Endocrine Abstracts

Background: Nutritional rickets (NR), due to poor dietary calcium intake or vitamin D deficiency is still the most common form of growing bone disease despite the efforts of health care providers to reduce its incidence. Clinical history, physical examination and laboratory evaluation are mainstay of diagnosis.

Aim: We report a case of NR where the radiological report was misleading causing significant parental anxiety and delay in diagnosis.

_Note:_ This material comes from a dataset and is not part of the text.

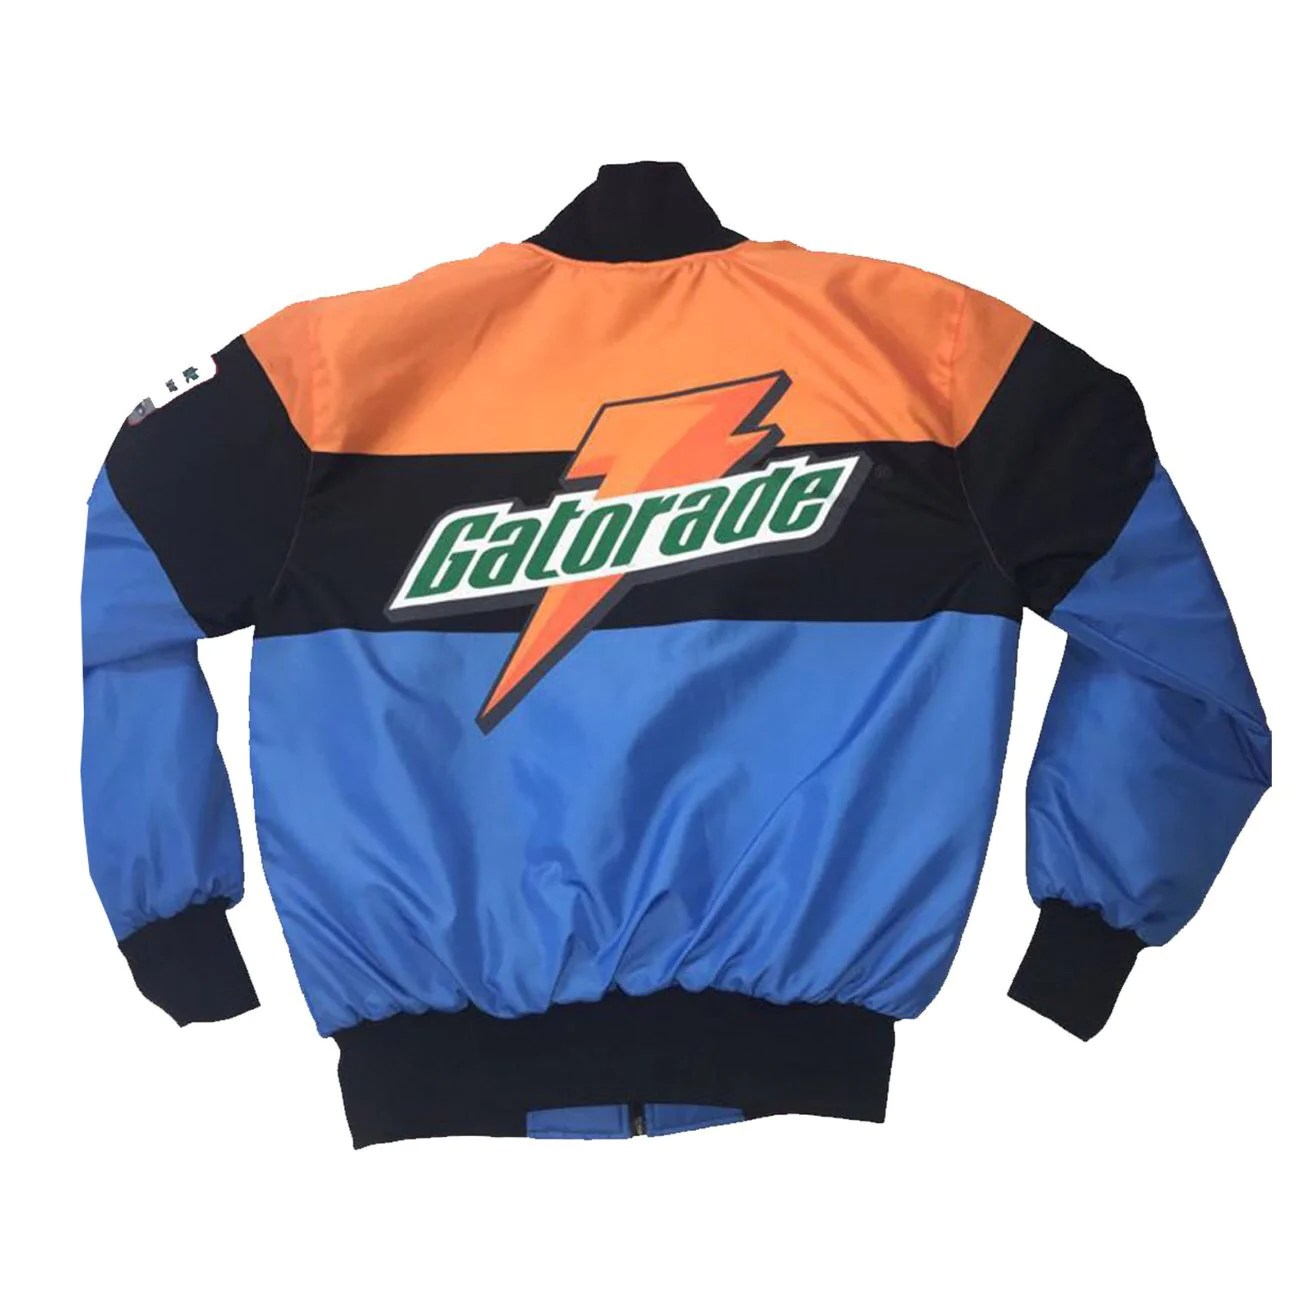 Nostalgic Club Gatorade Jacket In Blue

Case: Male infant of Afro-Caribbean origin, presented at age 5 months with excessive crying, bulging soft spot in the head and increase in head circumference. He was exclusively breast fed. Born at term gestation, his antenatal scans showed congenital talipes, which were corrected at 2 months of age. Examination and observation was normal with no increase in head circumference over 3 weeks follow up. MRI head was done to rule out any intracranial pathology and reported as sclerotic skull bones with suspicion of osteopetrosis. CT head showed diffuse bone thickening and evidence of craniosynostosis. However, a skeletal survey revealed markedly osteopaenic bones with rachitic changes. Concurrent biochemical picture confirmed the diagnosis of Vitamin D deficient rickets (table 1). Mother was also vitamin D deficient and treatment was commenced. Repeat skull X-ray after a month of treatment showed no clear evidence of craniosynostosis and improving osteopaenia. Close monitoring of the child’s head growth will continue.

Conclusion: This case illustrates the diagnostic dilemma caused by radiological misinterpretation of MRI head in a florid case of rickets. Early sutural fusion has been reported in hypophosphataemic rickets but we have only been able to find one other case linked to Vitamin D deficiency in the literature. It is important to rule out rickets in children presenting with craniosynostosis.